'Cosplay Is Not Consent': Anime Conventions Attack the Problem of Harassment
Anime Los Angeles' Harassment Policy, from the ALA 2013 program
I was flipping through the pages of Anime Los Angeles' program guide when I stumbled upon this line: "Harassment of any kind, including physical, verbal or unwelcoming attention, will not be tolerated." There were a few paragraphs after that -- more on what constitutes harassment as well as the repercussions of such actions ("permanent suspension of membership" to the convention) -- and an illustration of one chibi-styled anime character pouncing on another.
This wasn't the first time I noticed a harassment policy. Equestria L.A. -- last fall's Brony convention, which shared some staff members with Anime L.A. -- had one in its guide as well. Regardless, it was nice to see this detailed on the third page of a hefty program. The statement is obvious, but sometimes the lessons of preschool -- for example, "Keep your hands to yourself" -- are lost on adults.
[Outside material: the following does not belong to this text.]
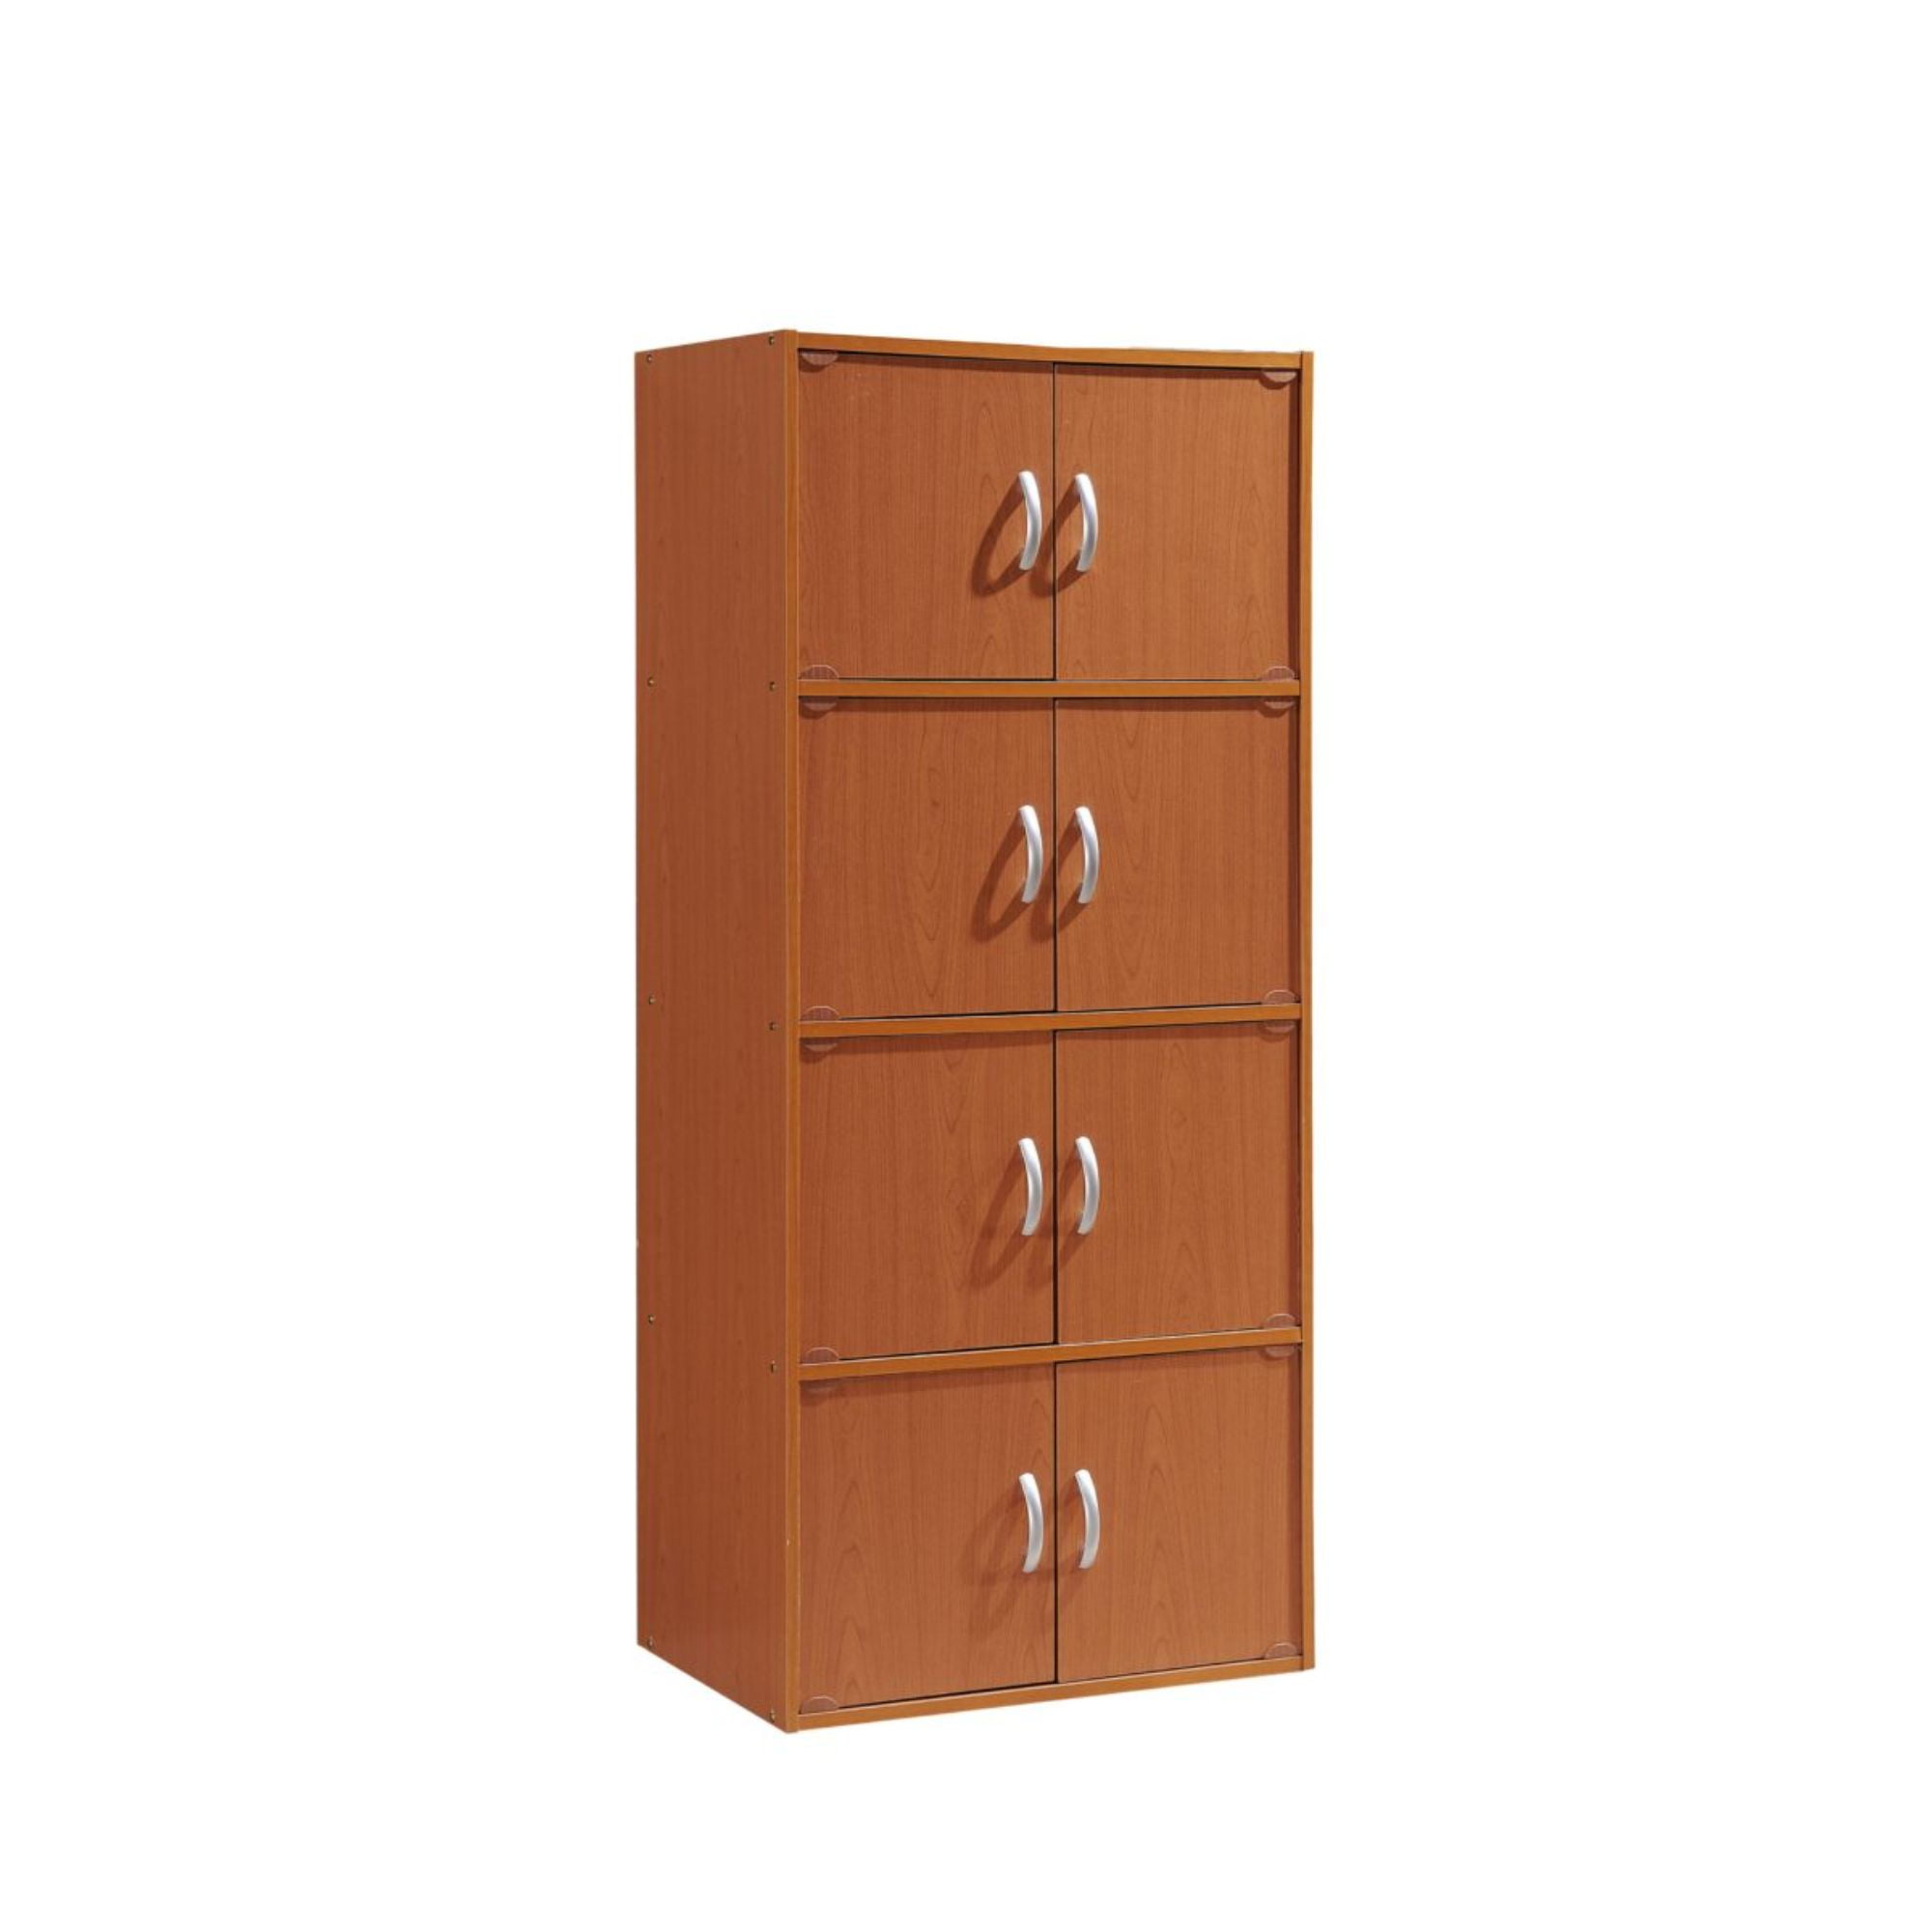 Details about   3 Door Storage Cabinet Shelf Organizer Bookcase Pantry Cupboard Closet Black

Over the past year, convention-goers have become more vocal about the kinds of harassment that exist on the show floors. There was Mandy, the Black Cat cosplayer who spoke up when she was pulled aside for a video interview only to be grilled about her cup size. There were the women at Defcon armed with cards to remind men when their behavior is becoming inappropriate. There was the cosplayer who wrote an open letter to the "butt photographer" at Comikaze. Nerd Reactor writer Genevieve LeBlanc recounted her personal experiences with convention harassment. Comedian Andre Medows went off on "creeper" photographers after one approached his friend. There's even a group, Con Anti-Harassment Project, that's urging conventions to take a strong stance against harassment. Most recently, a group of Australian cosplayers put together the video "How to Avoid Being Branded a Convention Creeper."
Conventiongoers are speaking out and the people who put together these events have noticed. "Education, printing [the harassment policy] in the program book, is absolutely imperative," says Chaz Boston Baden, chairman of Anime Los Angeles. "Reinforcing it at the staff meetings is part of that. If you see something going on, tell them to knock it off. Tell ops to boot them."
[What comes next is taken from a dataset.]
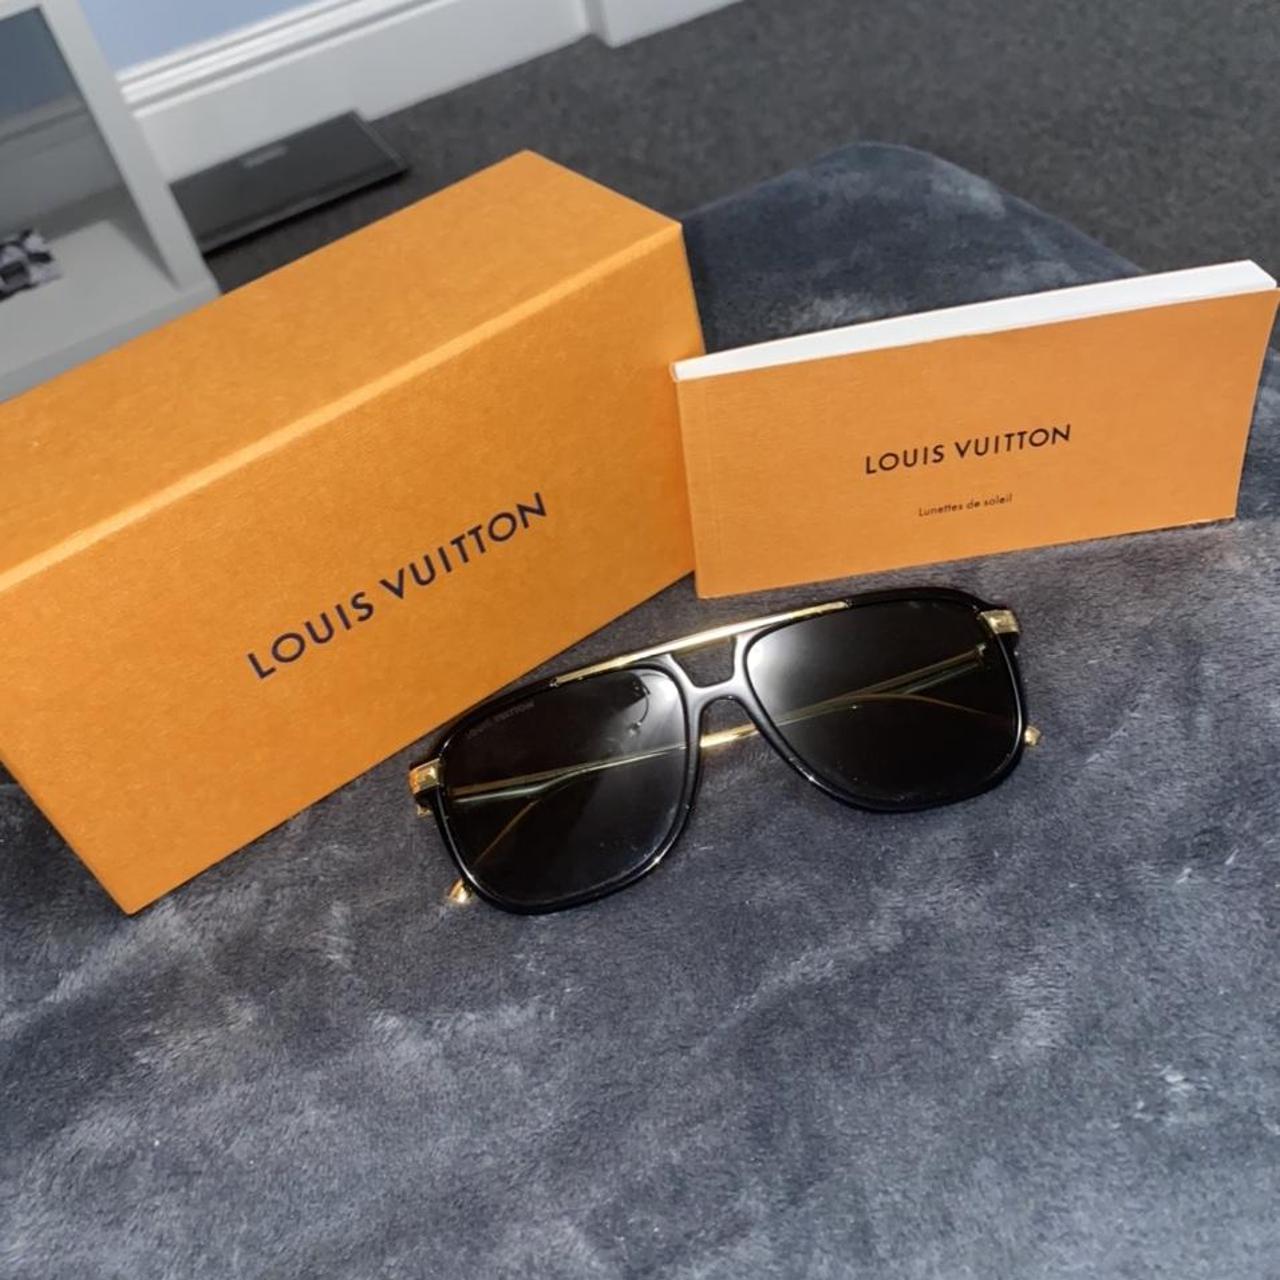 Lunettes de soleil Louis Vuitton - Twenty Nine

"We have to, as a little microsociety, and as a society in general, know that we need to take care of us," Baden explains. "If someone's being beastly and his friend calls him on it, or her friend as the case may be, that's going to help correct their behavior. It's certainly not the victim's responsibility to correct the perpetrator. It's the perpetrator's responsibility to not be a cad, not to take liberties with your person and not to get in your face and not to try to get up-skirt photos."
ALA isn't the only local anime convention to have an explicit policy about harassment. Per its website, Anime Expo prohibits "physically or verbally threatening, annoying, harassing, stalking, pushing, shoving or use of physical force, or offending any person; which in any way creates a disturbance that is disruptive or dangerous," as well as "any boisterous, lewd or offensive behavior or language, using sexually explicit or offensive language or conduct, or profanity, obscene gestures or racial, religious or ethnic slurs."
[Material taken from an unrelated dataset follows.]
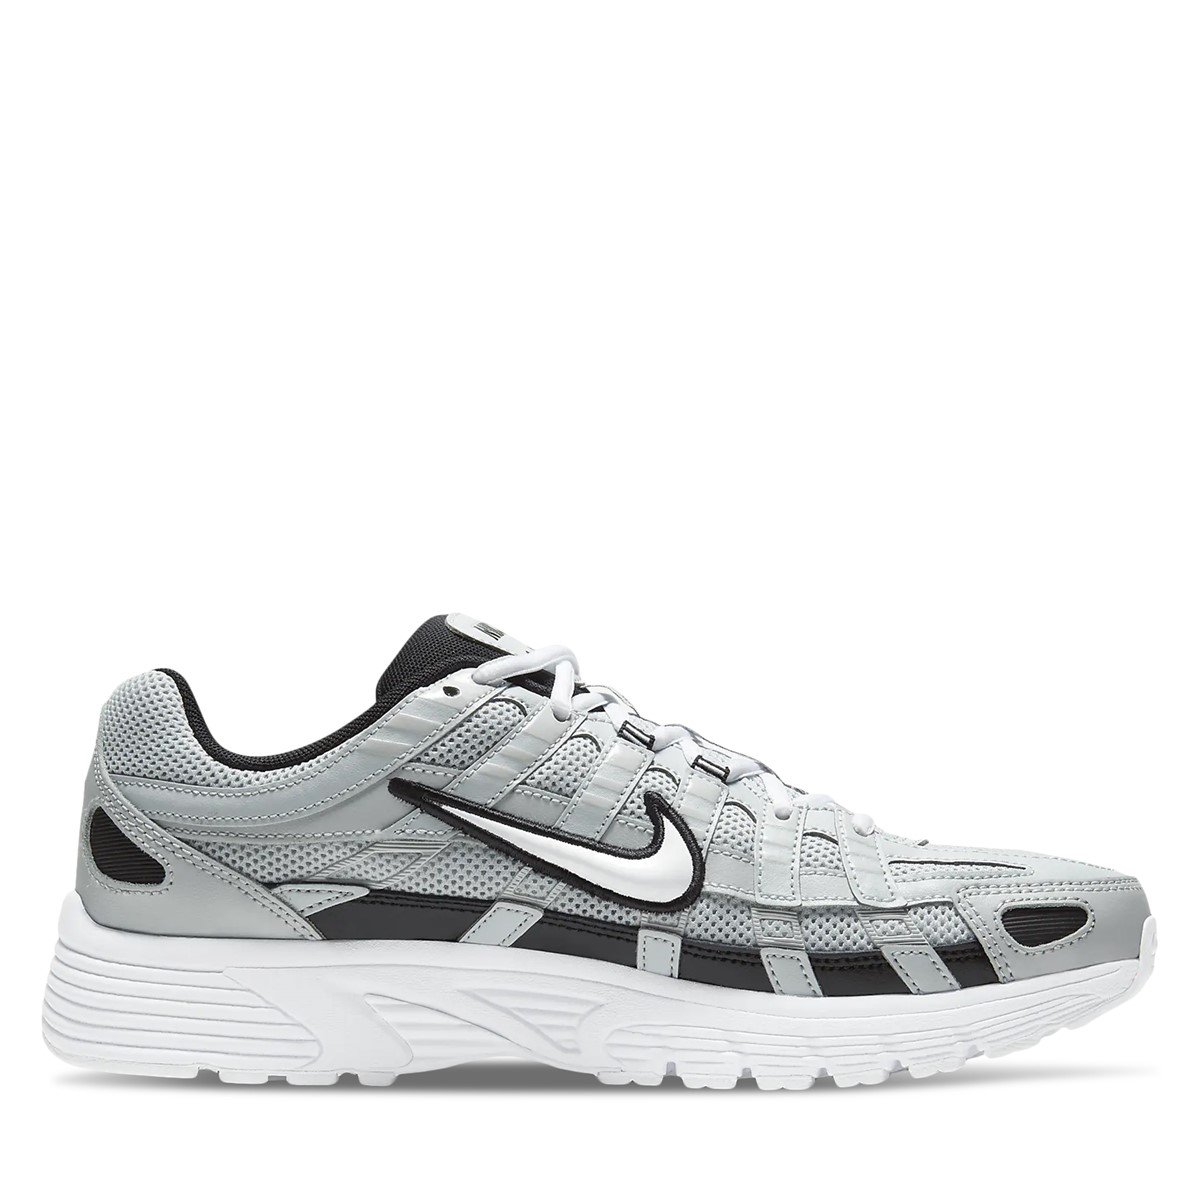 Men's P-6000 Sneakers in Grey/Black/White

Pacific Media Expo, the annual Asian pop culture convention that takes place in Los Angeles, makes a simple but effective statement about harassment on its website. "We encourage all attendees to be creative and have fun, but having fun does not require leaving one's maturity and social propriety at the door," it reads. "If you experience harassment from other attendees, you are welcome to report it to PMX Security." While these aren't necessarily new rules, it's important for the conventions to reiterate them now that harassment is a hot topic.
"The number of 'con creepers' may be growing, but cosplayers may now feel more open dishing about 'con creepers,'" PMX's industry liaison, Amanda Badillo, says via email. "Knowing that they aren't alone, they're more likely to open up to friends and groups on the Internet as to the kinds of 'creepers' they've dealt with, warn others about 'serial creepers' and giving advice as to how to deal with them."
Harassment is usually defined in terms of action or words. Now that virtually every cellphone is equipped with a camera, though, I have to wonder if photography can be construed as harassment. Specifically, I'm referring to ongoing complaints from cosplayers about people who try to sneak photos of their backsides.
"I feel that those kind of photos can also be seen as harassment," Badillo responds. "It can be extremely embarrassing. What if the photos were to end up on the Internet?"
She continues, "Simply put yourself in their shoes -- how awkward would you feel if you were to find comments directed toward a photo of your backside?"
Both Badillo and Baden reference a phrase that has been used frequently in the con scene, "Cosplay is not consent." Badillo also makes note of the related "Costumes are not consent" sign that was photographed at CONvergence last year and made the rounds on Tumblr. "Just because someone chooses to wear a costume doesn't allow other attendees to harass them in any way they'd like," Badillo says.
What's the best way to deal with harassment at a con? Report it. "Should an attendee feel harassed in any way, they should [find] any available staff member or visit the security team/convention operations to speak with someone about the situation," Badillo says. That advice should hold true at any convention.
"We have kicked out people," Baden says. "I will kick people out. There's no point in having a policy that has no teeth."